Quick Start (2 minutes)

Get Your API Key

  1. Sign up at redact.health
  2. Go to Dashboard → API Keys
  3. Create a new RE-ID API key (starts with rr_live_)

Basic Usage

from redact_proxy_reid import PHITokenizer, PHIReidentifier

# Set your API key (or use REDACT_API_KEY env var)
API_KEY = "rr_live_your_key_here"

# 1. Tokenize PHI
tokenizer = PHITokenizer(api_key=API_KEY)
result = tokenizer.tokenize("Patient John Smith, DOB 01/15/1980, SSN 123-45-6789")

print(result.tokenized_text)
# "Patient [NAME_a1b2c3], DOB [DATE_d4e5f6], SSN [SSN_g7h8i9]"

# 2. Send to your LLM (tokens are safe!)
# llm_response = your_llm_call(result.tokenized_text)

# 3. Re-identify the response
reidentifier = PHIReidentifier(api_key=API_KEY)
restored = reidentifier.reidentify(llm_response, result.token_map)

print(restored.text)
# Original PHI values restored

Drop-in OpenAI Wrapper

from openai import OpenAI
from redact_proxy_reid import OpenAIWrapper

# Wrap your existing client
client = OpenAI()
wrapped = OpenAIWrapper(client, api_key="rr_live_your_key_here")
# Or set REDACT_API_KEY env var and omit api_key

# Use exactly like normal - PHI protection is automatic
response = wrapped.chat(
    model="gpt-4",
    messages=[{
        "role": "user",
        "content": "Summarize this patient's condition: John Smith, 45yo male, MRN 12345"
    }]
)

print(response["content"])
# Response with original PHI restored automatically

Drop-in Anthropic Wrapper

from anthropic import Anthropic
from redact_proxy_reid import AnthropicWrapper

client = Anthropic()
wrapped = AnthropicWrapper(client, api_key="rr_live_your_key_here")
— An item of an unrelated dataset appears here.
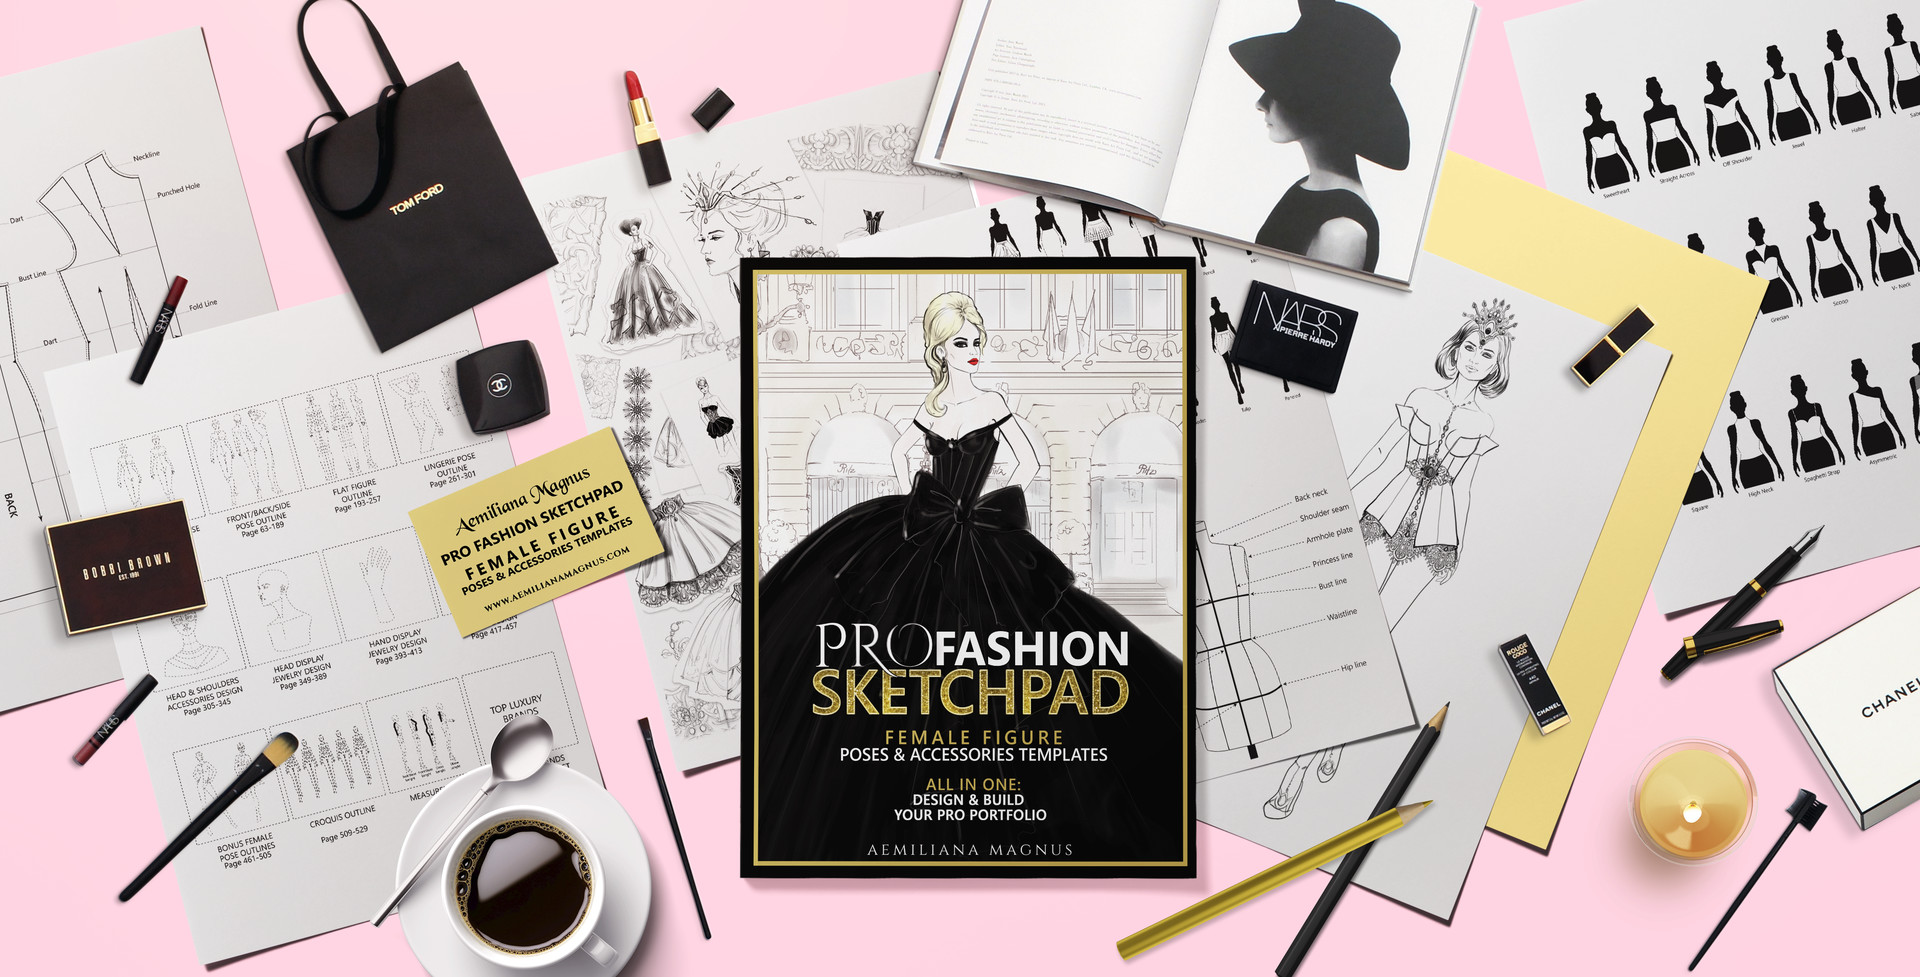 Fashion Sketchbook: Fashion Sketchbook with Figure Template, Large Female  Croquis For easily Sketching Your Fashion Design Styles and Building your  Portfolio. Fashion Sketchbook with Female Figure Poses. by Fashion Sketchpad,  Paperback

response = wrapped.message(
    model="claude-3-opus-20240229",
    messages=[{
        "role": "user",
        "content": "Patient Jane Doe needs a referral for her diabetes management"
    }]
)

Drop-in Gemini Wrapper

import google.generativeai as genai
from redact_proxy_reid import GeminiWrapper

genai.configure(api_key="your-gemini-key")
model = genai.GenerativeModel("gemini-pro")
wrapped = GeminiWrapper(model, api_key="rr_live_your_key_here")

response = wrapped.generate(
    "Create a care plan for patient Bob Johnson, age 67"
)

Using Environment Variables

# Set once, use everywhere
export REDACT_API_KEY="rr_live_your_key_here"
# No api_key parameter needed - uses env var automatically
tokenizer = PHITokenizer()
wrapped = OpenAIWrapper(client)

Linking to Email (Optional)

You can link your API key to an email for account recovery and notifications:

tokenizer = PHITokenizer(
    api_key="rr_live_your_key_here",
    email="your@email.com"
)

Multi-turn Conversations

Token mappings persist across conversation turns:

wrapped = OpenAIWrapper(client)

# First message
response1 = wrapped.chat(
    model="gpt-4",
    messages=[{"role": "user", "content": "Patient John Smith has diabetes"}],
    conversation_id="conv-123"
)

# Second message - same conversation
response2 = wrapped.chat(
    model="gpt-4",
    messages=[
        {"role": "user", "content": "Patient John Smith has diabetes"},
        {"role": "assistant", "content": response1["tokenized_content"]},
        {"role": "user", "content": "What medications should John take?"}
    ],
    conversation_id="conv-123"
)

# "John Smith" is consistently tokenized across both turns

Tier Configuration

Different tiers offer different capabilities:

from redact_proxy_reid import PHITokenizer, TierConfig, PHIType, TokenFormat

# Basic tier - sensible defaults
tokenizer = PHITokenizer(config=TierConfig.basic())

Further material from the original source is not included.